Situata in una grande oasi, quasi alle pendici della catena montuosa dell'Alto Atlante, la città imperiale di Marrakech è una sorta di città giardino grazie alla sua straordinaria ricchezza di verde, costituito da aranci, cipressi, ulivi, palme, oleandri e bouganville. Come sempre, la parte più interessante della città è quella vecchia, cinta da mura di terra rossa e ricca di monumenti, tra cui la moschea di Koutoubya, la cui costruzione iniziò probabilmente attorno al 1150 ad opera della nuova dinastia almohade e completata alla fine di quel secolo dal sultano Yaqub al Monsour. Stupendo esempio di arte moresca ricca di decorazioni e fregi in maiolica bianca, turchese e blu, la moschea è celebre soprattutto per il suo minareto alto 70 metri e riconoscibile da lontano ad ogni ora del giorno: al mattino quando fa corpo con il portico della moschea, a mezzogiorno quando è solo una sagoma quasi impossibile da fissare per il riverbero del sole e alla sera sotto la luce dei proiettori.
Jemaa El Fna è la celebre piazza principale di Marrakech, porta d'accesso alla Medina con il suo inestricabile intrico di vicoli e vialetti. La piazza, affollata da un'umanità multietnica di arabi, berberi, africani e turisti europei, è un caravanserraglio che ha mantenuto intatti i sapori del passato, con i mangiatori di fuoco, i saltimbanchi dalle vesti variopinte, gli incantatori di serpenti, i musicisti ambulanti. Durante la giornata la piazza è praticamente un enorme mercato con bancarelle che vendono prodotti di ogni tipo, fra cui tappeti, stoffe, mobili, gioielli, oggetti di radica, pelletteria e antiquariato sopraffino a prezzi a volte veramente convenienti. Di sera invece le bancarelle dei mercanti lasciano il posto a chioschi con panche dove è possibile mangiare cibi preparati al momento ascoltando cantastorie e musicisti ambulanti. Tra una bottega e l'altra compaiono all'improvviso squarci di storia, come la moschea Ben Youssef a nord e quella di Mouassin a sud. Come contrappunto alla folla e all'animazione dei souk, Marrakech offre delle autentiche oasi di pace come i freschi giardini della Mamounia, della Menara o del Palais della Bahia dove è piacevole oziare all'ombra degli olivi specchiandosi nelle acque delle vasche. Marrakech è anche un'ottima base per escursioni verso l'Atlante o verso l'Oceano.
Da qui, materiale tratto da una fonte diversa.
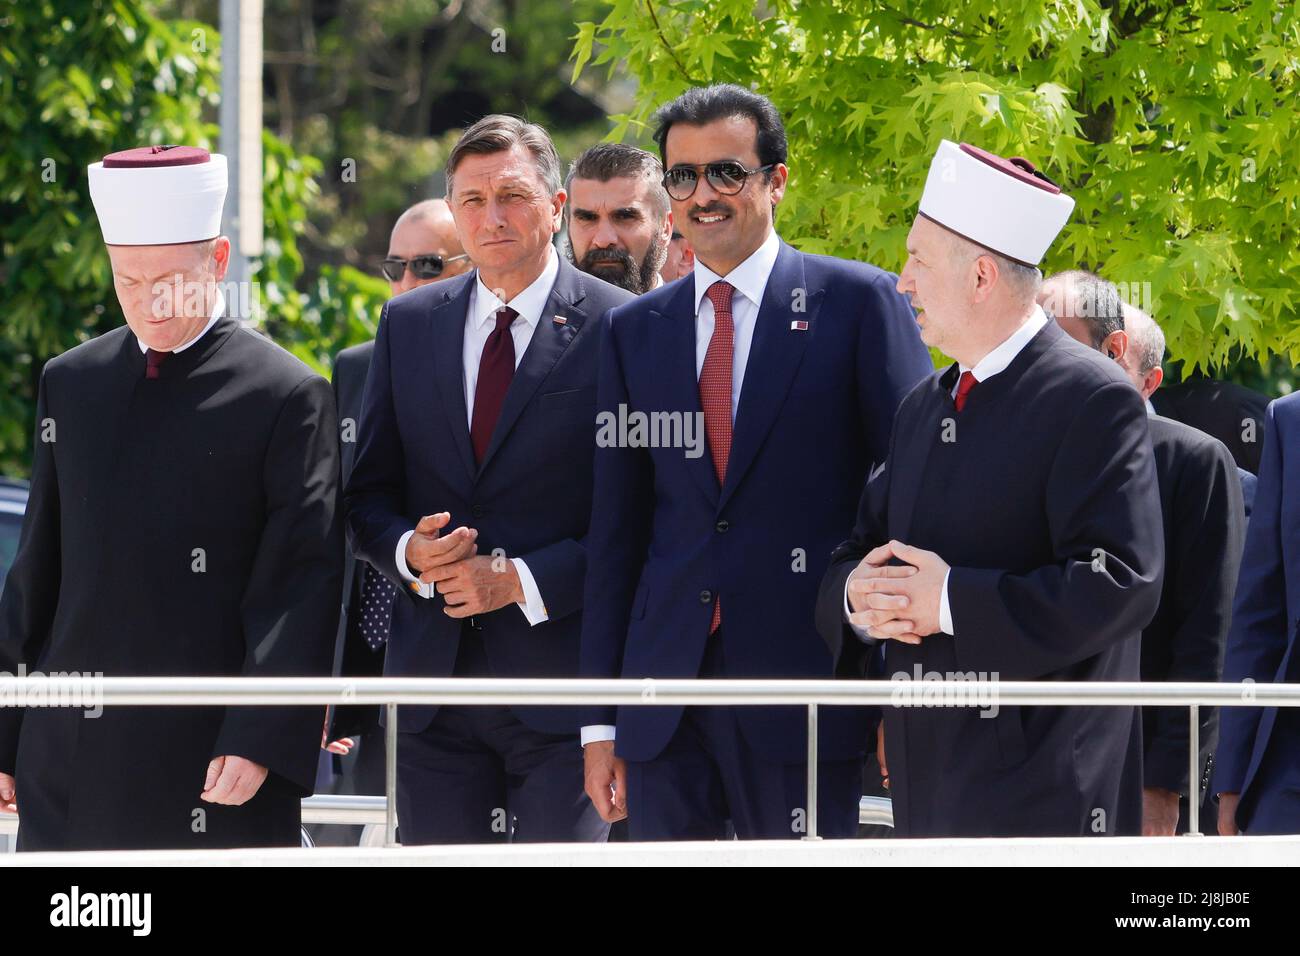 (Da sinistra a destra) Mufti della Comunità islamica in Slovenia Nevzet Poric, il presidente sloveno Borut Pahor, l'emiro del Qatar Tamim bin Hamad bin Khalifa al Thani, e l'ex Mufti della Comunità islamica in Slovenia Nedzad Grabus arrivano al Centro religioso e culturale islamico di Lubiana. L'emiro del Qatar Tamim bin Hamad bin Khalifa al Thani è stato in visita di due giorni in Slovenia per rafforzare i legami economici e confermare gli accordi di fornitura di gas effettuati a marzo, poiché la Slovenia intende diversificare la sua fornitura di gas naturale. (Foto di Luka Dakskobler/SOPA Images/Sipa USA) Foto Stock

Se Rabat è la capitale politica del Marocco e Casablanca quella economica e finanziaria, Fes è sicuramente quella culturale. Fondata, secondo la tradizione, da un discendente di Maometto nell'anno 808, Fes fu teatro di molte e complesse vicende storiche legate al succedersi delle varie dinastie che hanno governato il Marocco nei secoli. Già città imperiale e capitale del Regno, è chiamata la "Firenze del Maghreb", oltre che per il giglio che ne è il simbolo, per la straordinaria ricchezza di monumenti e di testimonianze di incomparabile valore storico e artistico. Fra queste, la moschea di Karaouiyne, fondata da una donna nell'862 d.C. e sede di una delle più antiche università del mondo, frequentata per secoli da studenti non solo arabi ma anche europei. Il vero tesoro di Fes è indubbiamente la sua Medina, la più grande del Marocco, di una bellezza veramente incomparabile al punto che l'Unesco l'ha posta sotto la sua protezione inserendola nell'elenco dei luoghi di maggior interesse culturale del mondo. Basta infatti oltrepassare una delle porte d'accesso alla Medina per trovarsi in un altro mondo, quello magico e misterioso dell'oriente che svela qui tutti i suoi incanti e dove, nei dedali di viuzze, il tempo sembra essersi fermato.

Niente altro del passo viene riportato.